И тут разразилась чума. За полгода умерли тридцать тысяч человек. Я тоже слег и метался в бреду, затем заразились еще четверо в нашем доме, в том числе кроткая госпожа Бероальд. Вскоре заболел даже лекарь, пользовавший нас. Только в ноябре 1562 года чума отступила.
В это время солдаты моего отца захватили в плен шевалье д’Ашона, нашего мучителя. Солдаты позвали меня посмотреть на пленника. Они подстрекали меня к ругательствам и издевкам, но я сказал только: «Вы бесчеловечны, сударь!» Оскорбляя поверженного, я бы уподобился этому грабителю и насильнику.
В боях за Орлеан мой отец не раз ходил в рукопашную, и в одном бою получил удар копьем под кирасу. Едва оправившись от раны, он принял участие в мирных переговорах с католиками, и даже был назначен докладчиком по делам гугенотов в королевском совете. Но силы оставляли его. Отец позвал меня и сказал: «Помнишь ли мои слова, произнесенные перед плахой в Амбуазе? Люби Бога, науки и своих товарищей», – и поцеловал меня, чего никогда не бывало прежде. Он уехал, но в пути рана его открылась, нагноилась, и отец скончался – как раз в этом треклятом Амбуазе.
Три года я учился в Орлеане, затем мой родственник, назначенный опекуном, отправил меня продолжать образование в Женеву.
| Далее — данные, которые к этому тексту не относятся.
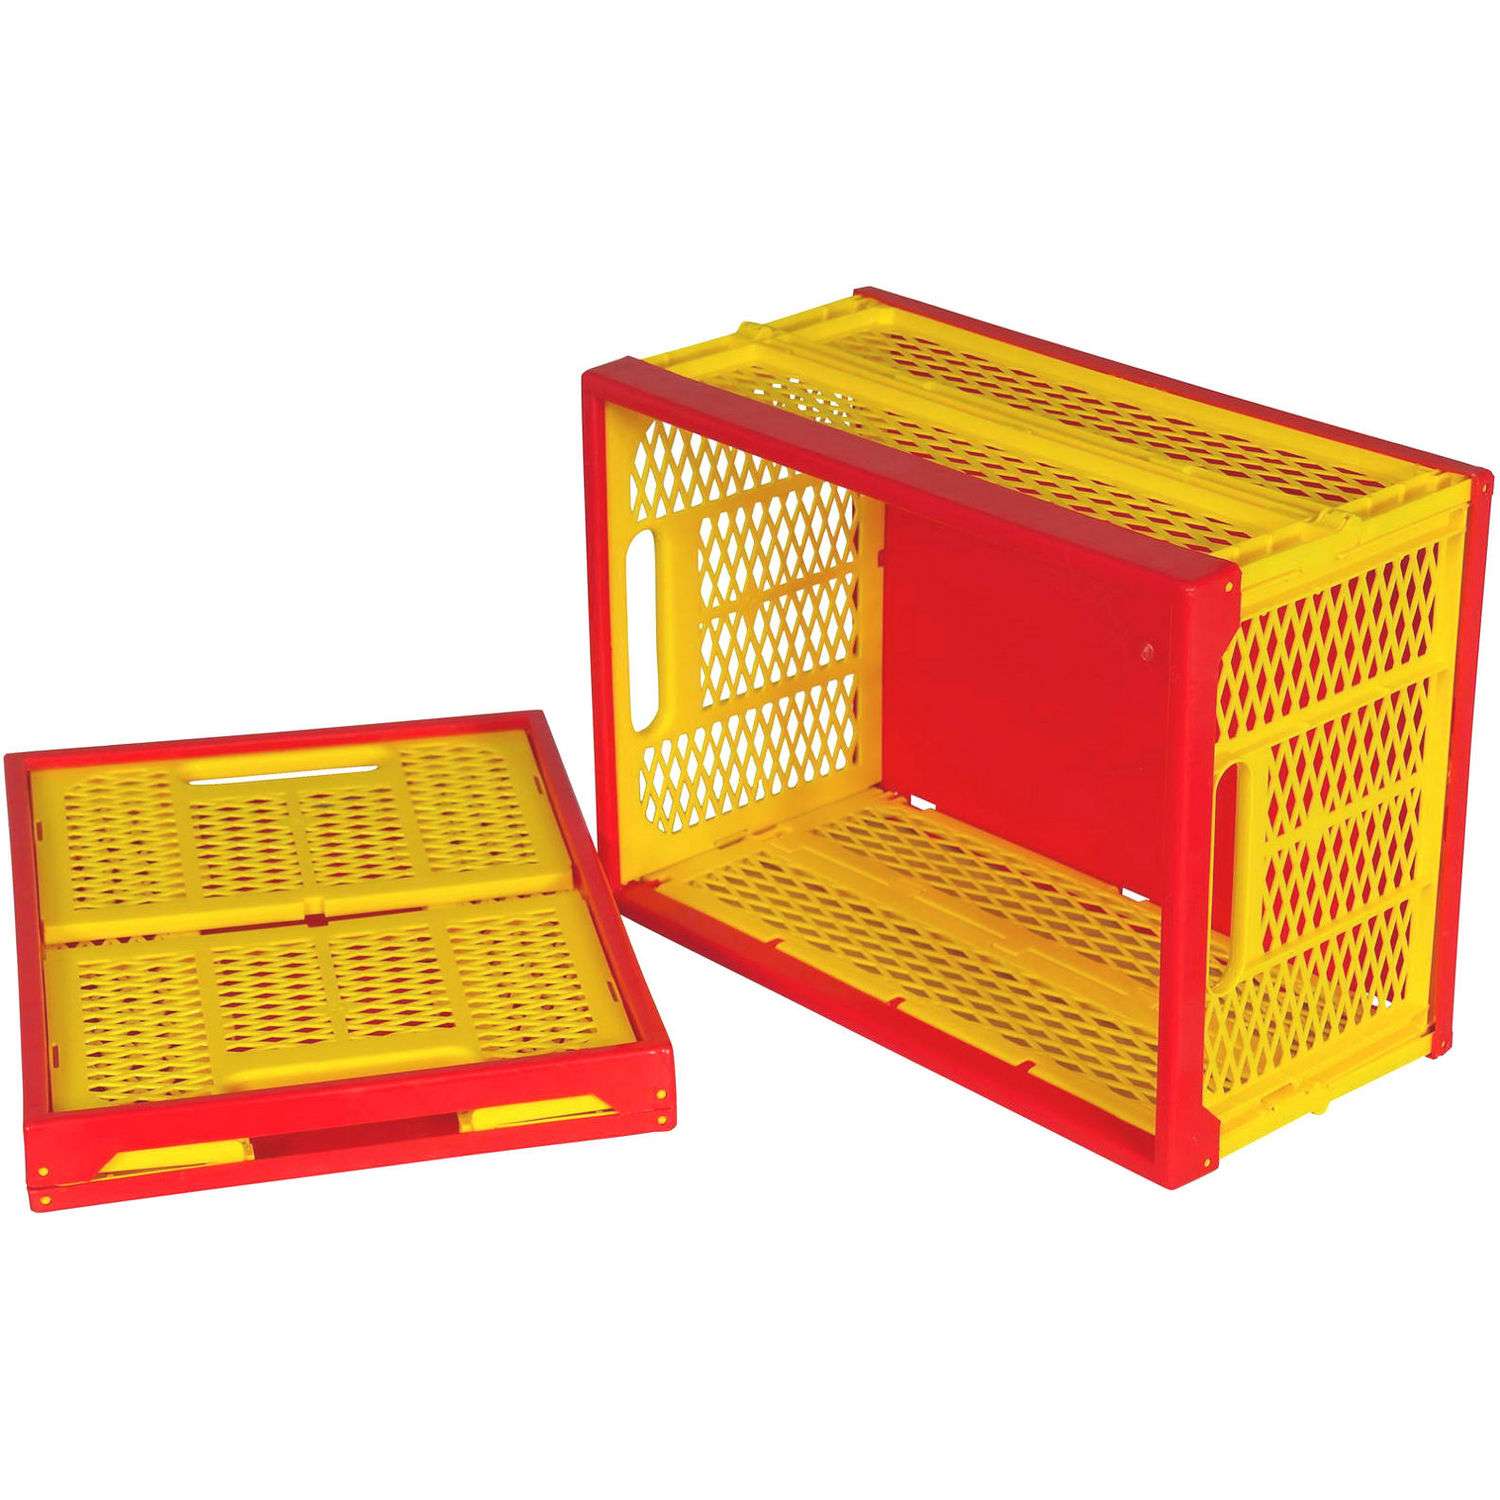 Ящик для игрушек Пеликан складной перфорированный красно-желтый - фото 2

Там я учился в коллеже еще два года, читал труды раввинов на древнееврейском, легко слагал латинские стихи. Но, в конце концов…
Д’Обинье запнулся. Он решил умолчать о том, как бежал из коллежа. Учеба ему уже приелась, кроме того, в коллеже процветал разврат. Впоследствии д’Обинье слышал, что одного юношу из женевского коллежа, Бартоломе Тесья, казнили за содомский грех – утопили в Роне. Не стал он говорить и о том, как в Лионе бес противоречия толкнул его от богословия к изучению астрологии и магии. Измученный сомнениями, без родных, друзей и без гроша в кармане он оказался на мосту через Сону и был уже готов броситься вниз, но решил напоследок прочитать молитву. И когда произнес последние слова «жизнь вечная», его окликнул всадник. Это был его кузен де Шийо, прибывший с деньгами и прощением от опекуна. С тех пор д’Обинье окончательно уверовал в Провидение.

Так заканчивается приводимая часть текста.